Data block –
==========

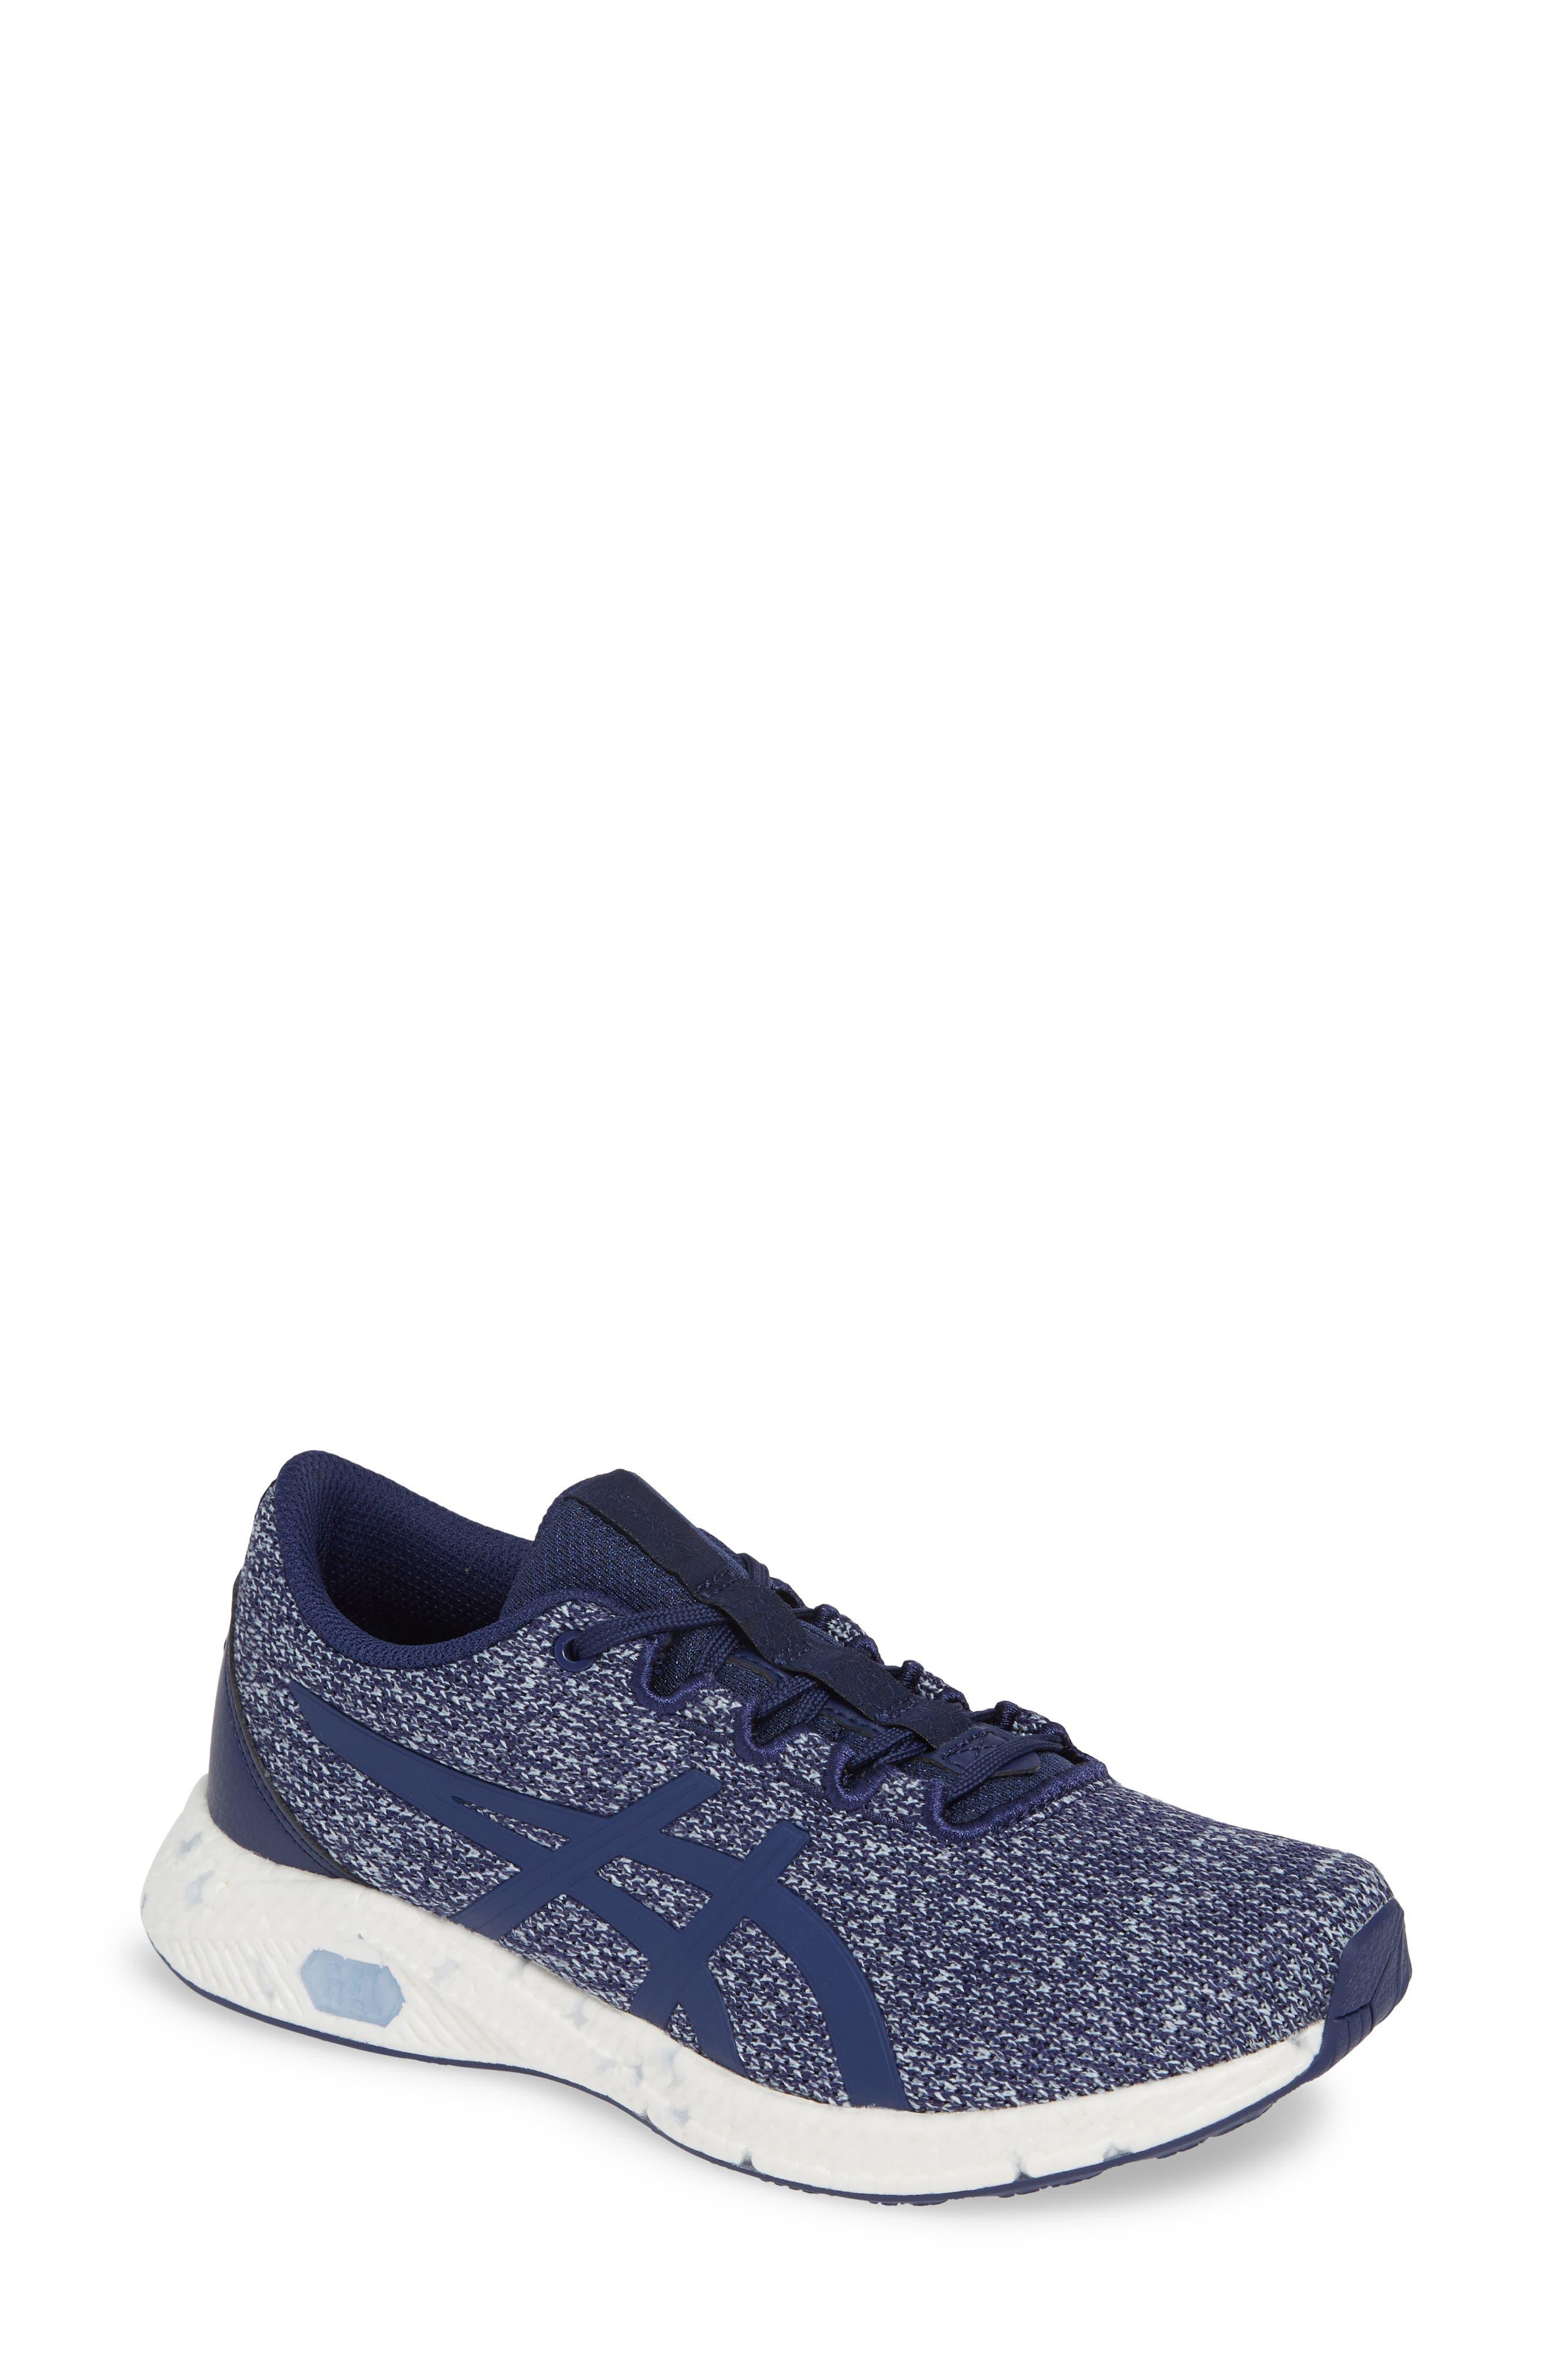 Asics Hypergel-Yu Running Shoe, Blue
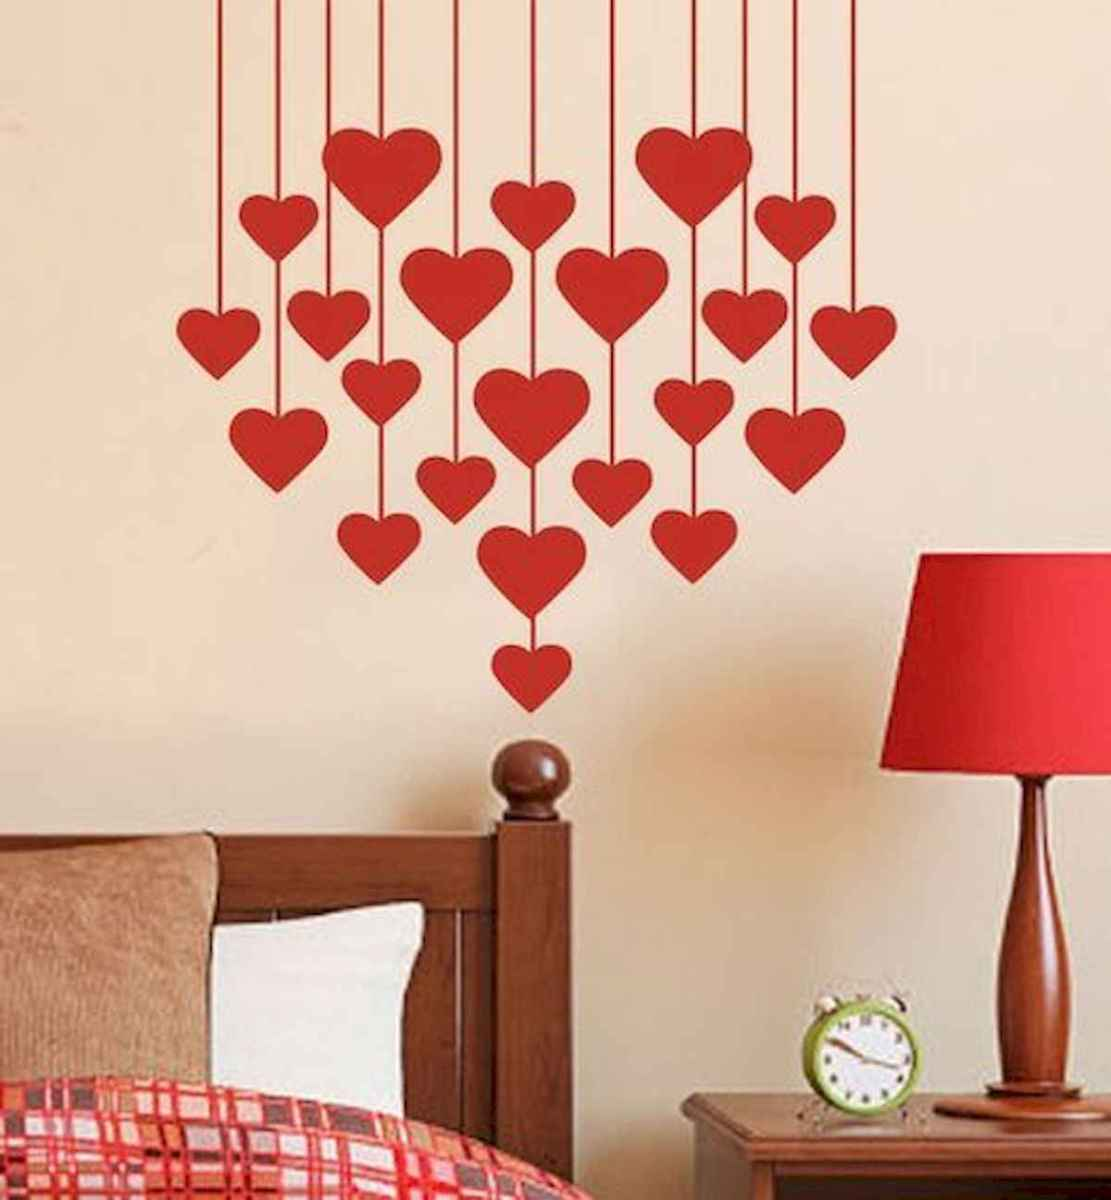 50 stunning valentines day decor ideas (12)
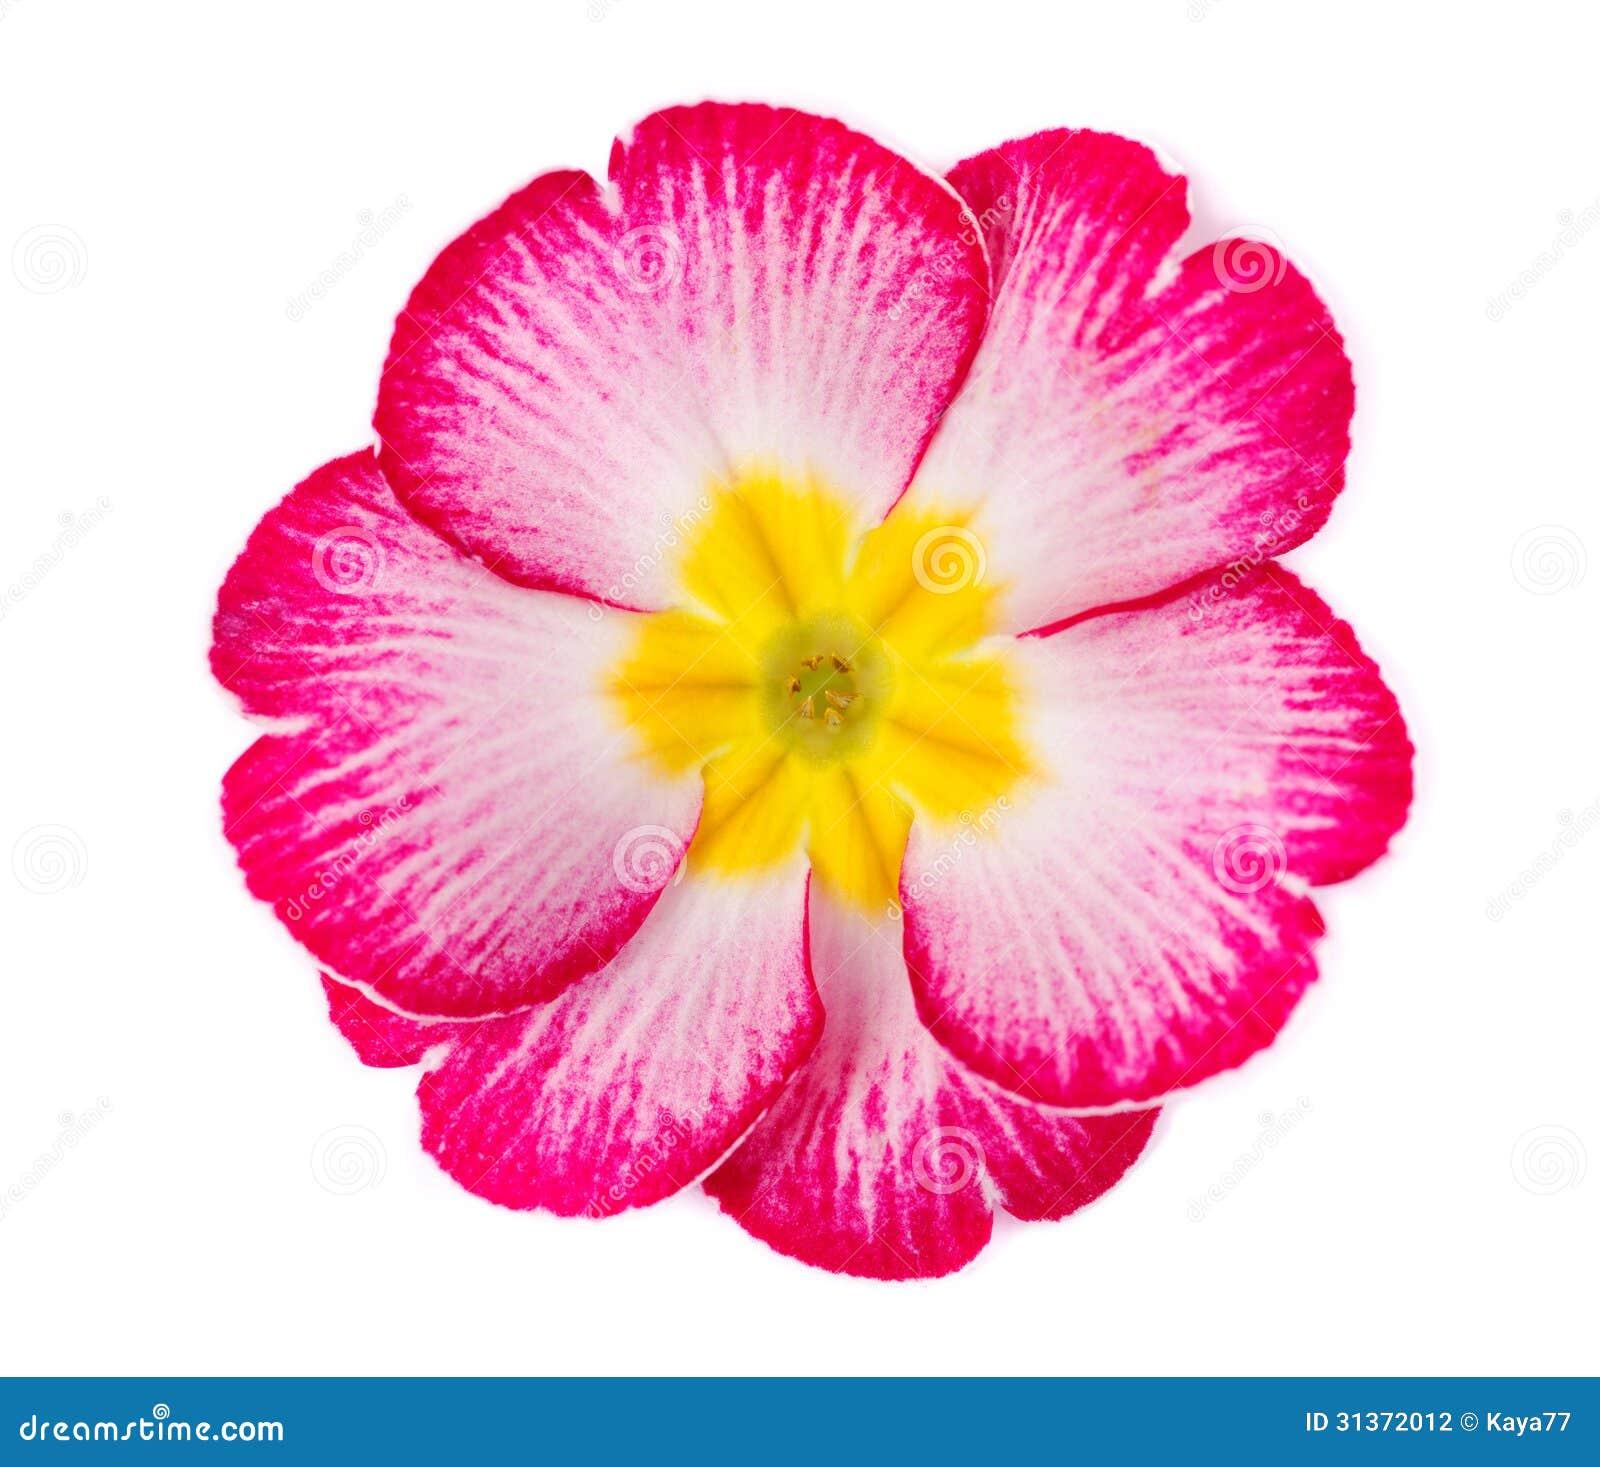 Primrose flower stock photo image of beauty botanic 31372012 primrose flower mightylinksfo

==========

Task statement – Exactly the lines running from the one with "50 stunning valentines day decor ideas (12)" through the end of the listing above must be output, both ends included. No pictures belong in the output.

Answer to this problem –
 50 stunning valentines day decor ideas (12)
 Primrose flower stock photo image of beauty botanic 31372012 primrose flower mightylinksfo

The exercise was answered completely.